Hi,
At our university, we are using the Moodle LMS. Now we want to shift the student exam to a computer-based exam. Students will conduct the exam inside the university using their own devices.
Here is our requirement.
1- We will whitelist certain number of https domains URLs. ( around 30 domains )
2- We want only these domains to be opened; the rest of the all traffic should be blocked/denied
3 - Around 400 students simultaneously will conduct the exam
How can we achive this using opensource technologies in Linux.
We dnot want any caching or proxying etc , prime objective is to allow only certain sites and block rest of all traffic
student will conduct the exam using Respondus locked down browser
So if not blocking and controlling access via a proxy, easiest way is to do it by restricting the DNS queries. Configure your DNS server to only allow certain domains, and reject all the others. Or another way, just remove the ability for the computers to resolve DNS at all, and then add all the entries you want to resolve to /etc/hosts. Since the user will only have normal user rights, they will not be able to edit /etc/hosts or even /etc/resolv.conf to enable DNS resolution, either of these options would be a valid way of doing it. Since your machine is most likely going to be an image to be loaded onto the computer or VM, then you won’t need to repeat configuring this manually. Also you can use ansible to do that anyway by running it against all the computers to populate /etc/hosts or configure the network appropriately.

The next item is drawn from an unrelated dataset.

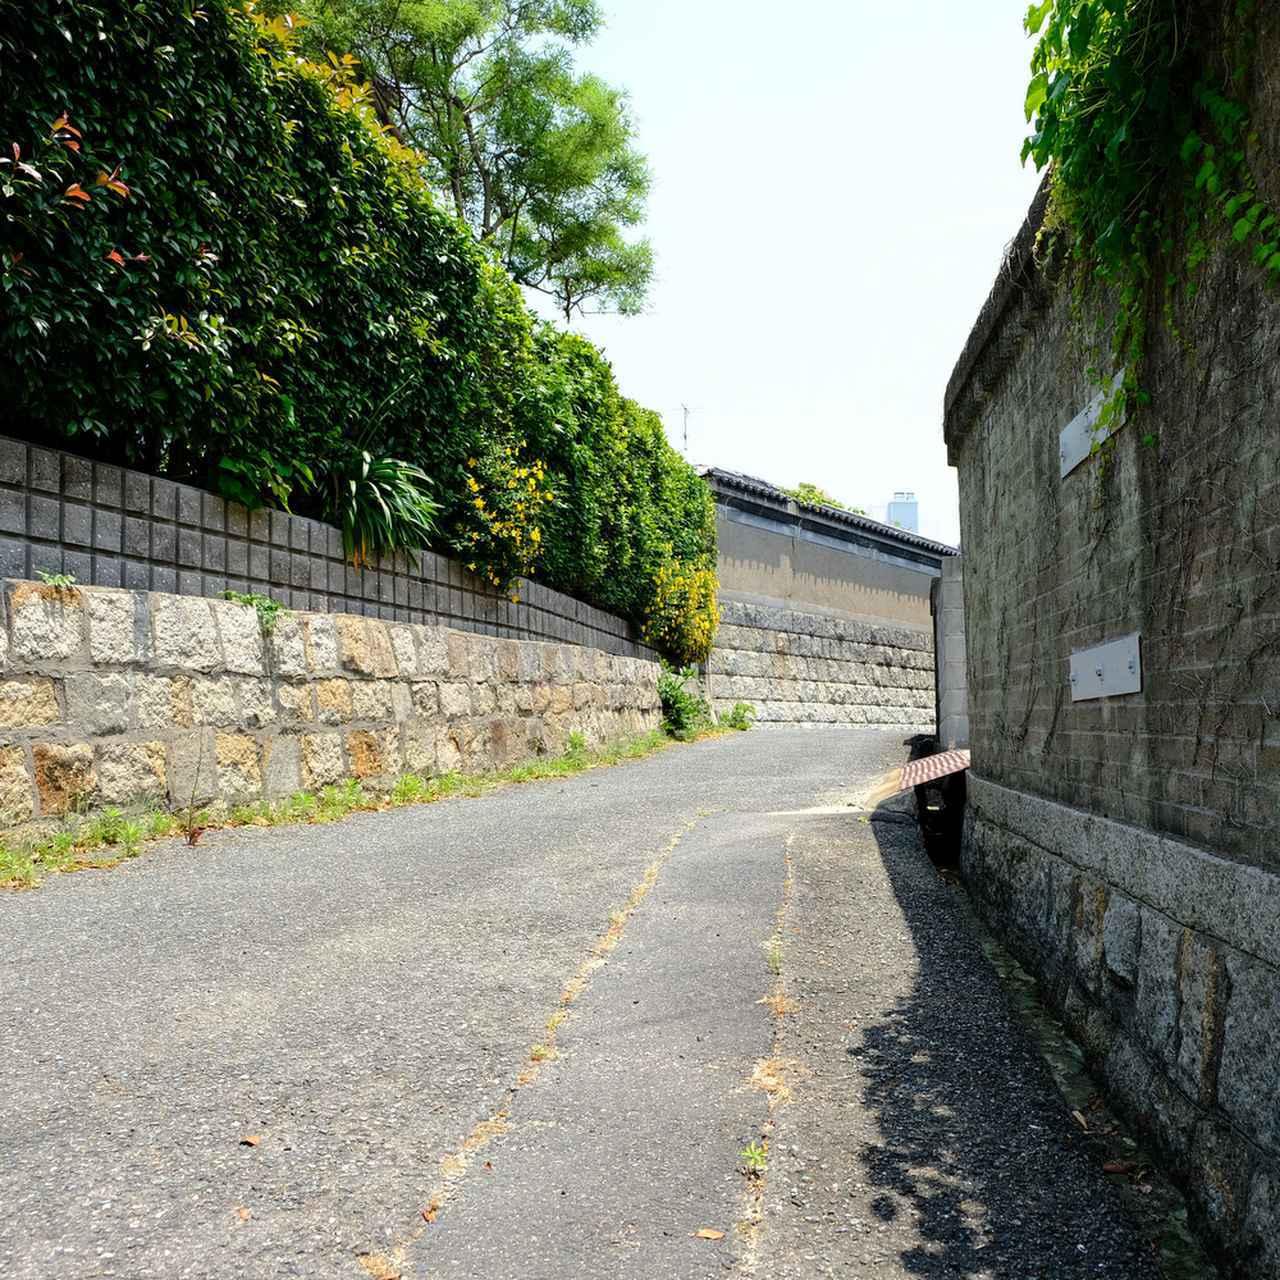 画像: そのまま市内中心部を自転車でふらりと走ると、タイムスリップしたかのような石垣の路地に出ました。

You can find plenty of how-to’s for configuring Bind DNS on Linux by doing a search with google, as well as restricting such queries. Using the second option of using /etc/hosts, won’t require you to configure DNS and thus will save you the google search.
So if it’s their own devices, are you planning to mess with those devices, or are you saying those devices will only be able to connect to XYZ (via wirelesss, what about some other wireless access point nearby?)
Be careful you know exactly which ones, for example this forum might look like it’s running on ‘rockylinux.org’, but most of the requests are to ‘discouse-cdn.com’
I didn’t catch what @gerry666uk did. Nice spotting that Gerry. Yeah, if they are going to be using their own computers, then some of what I wrote doesn’t apply. You can do it with DNS still though, but you will need to ensure your firewall blocks DNS queries to any other servers other than your own. Otherwise the student devices could just change their DNS and get around your solution. The other problem is any DNS entries that may CNAME to something else, could cause pages not to load properly unless those entries are also added - again what Gerry mentioned relating to CDN, etc.
You don’t want a proxy, but in reality it is probably the best one to actually do this that would actually make it far easier to achieve. Because you whitelist what you want to allow, and everything else is automatically blocked. If no internet access exists other than via the proxy, then they cannot get around it.